Defendant Bartošová told the court that she had merely attended permitted public assemblies and rejected the idea that she had been promoting extremism. The other defendants did not want to make a statement about the case.

According to the previous version of the criminal code under which they were charged, the defendants face between three and eight years in prison if convicted. The case originally involved charges against 15 women.

The prosecution of two of the women was conditionally suspended when they confessed. Another two concluded plea bargains.

Five women have been acquitted, but because the prosecutor appealed those verdicts, their cases will be reviewed by the Supreme Court. The cases are closely connected with a raid performed by the Organized Crime Detection Unit that intervened against the topmost levels of the hierarchy of the Czech ultra-right.

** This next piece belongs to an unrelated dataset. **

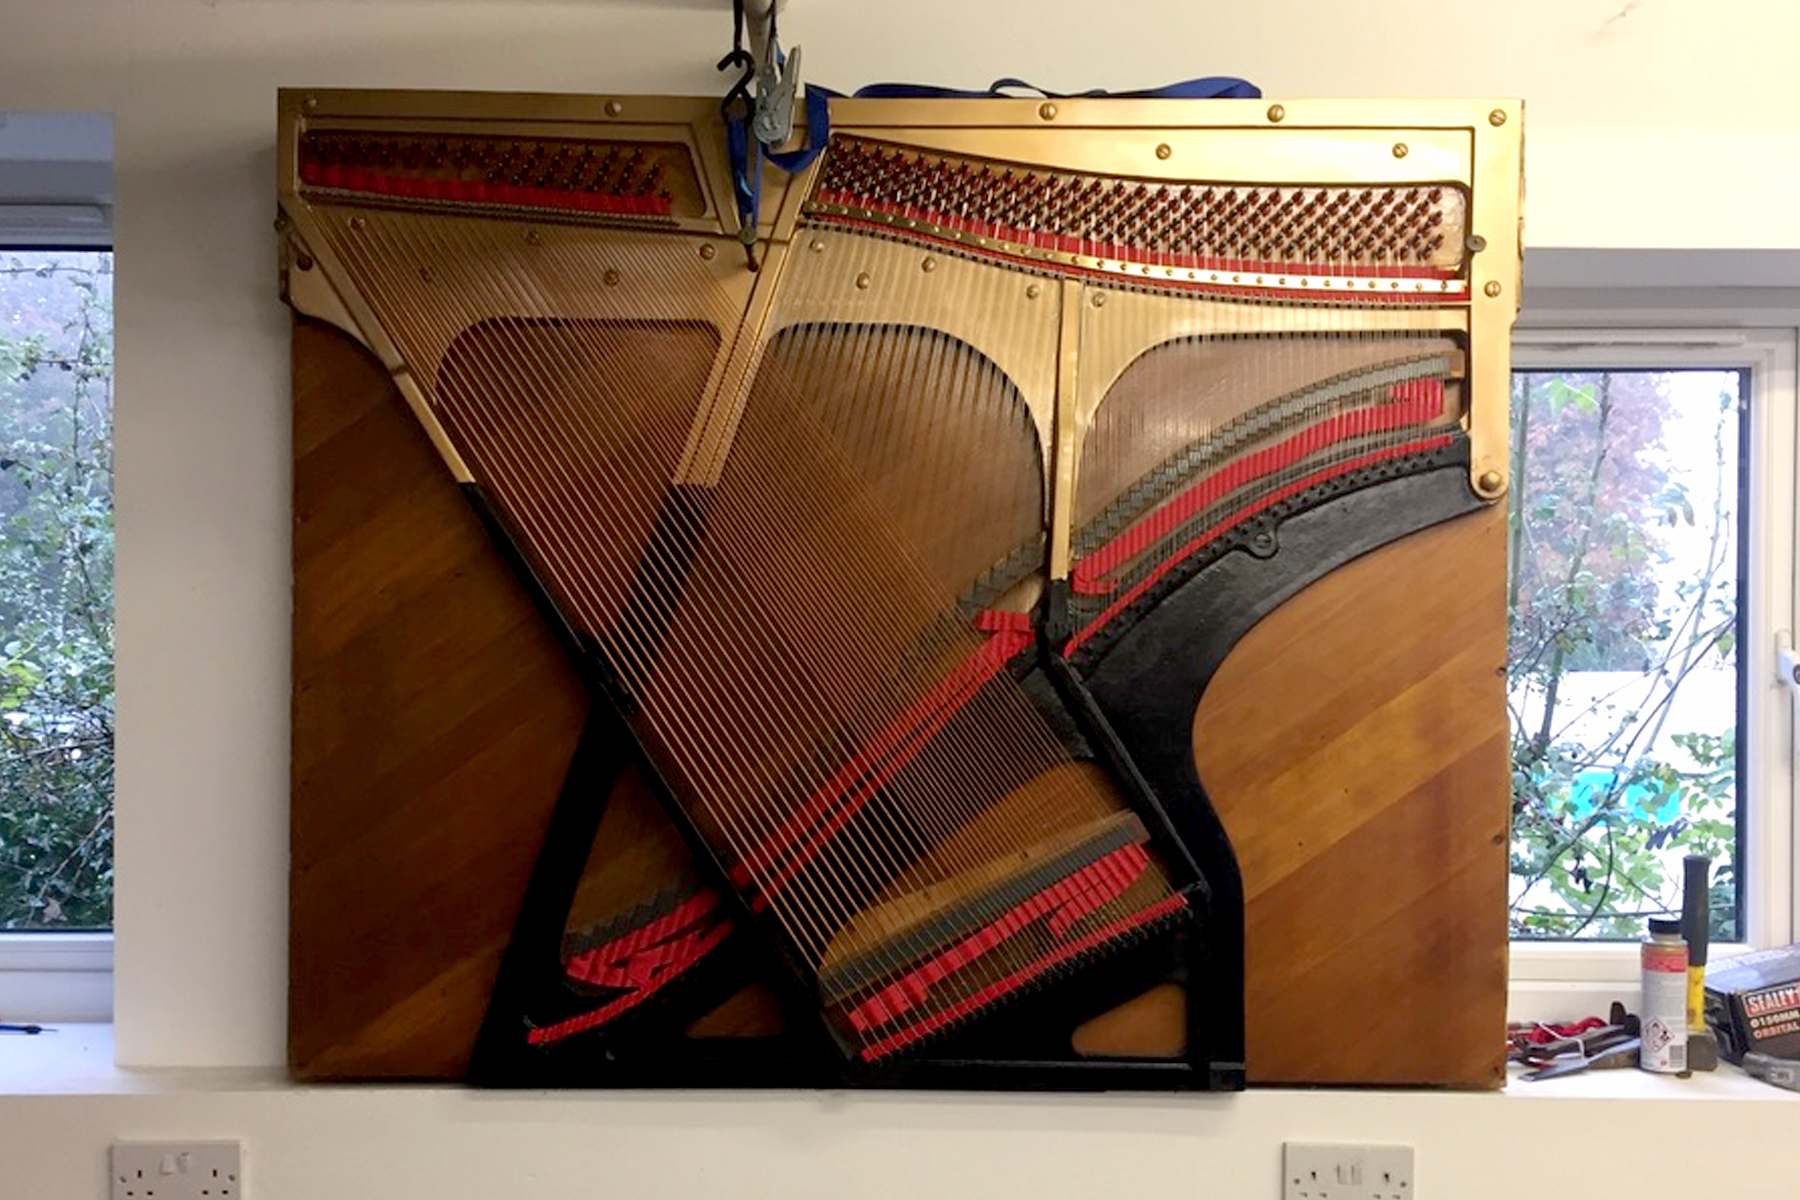 Hanging piano artwork

During the first phase of that operation, 18 extremists were charged. Some of those prosecuted allegedly had relationships with the militant ultra-right organization White Justice, while others were suspected of plotting terrorist attacks or holding hate concerts.

The Czech Police have said in the past that the RWU was ideologically related to a similar women’s organization in Hitler’s Germany that existed until 1945, the ideological subtext of which was the alleged racial superiority of “Aryan” women. The RWU was first established in the Czech Republic in 2007.

The group’s aim, according to its proclamations, was to bolster opposition against a system which, in its view, was “intentionally opposed to the long-term survival of white families.” Some members of the RWU were also involved with the extremist Workers’ Party, which was dissolved by the courts in 2010.

These cases are not the only protracted litigation connected with right-wing extremism that the Czech justice system is dealing with. Since 2010 the courts have been handling another case of promoting the National Resistance movement and convening various neo-Nazi events, actions in which former members of the Workers’ Party and other alleged extremists were involved.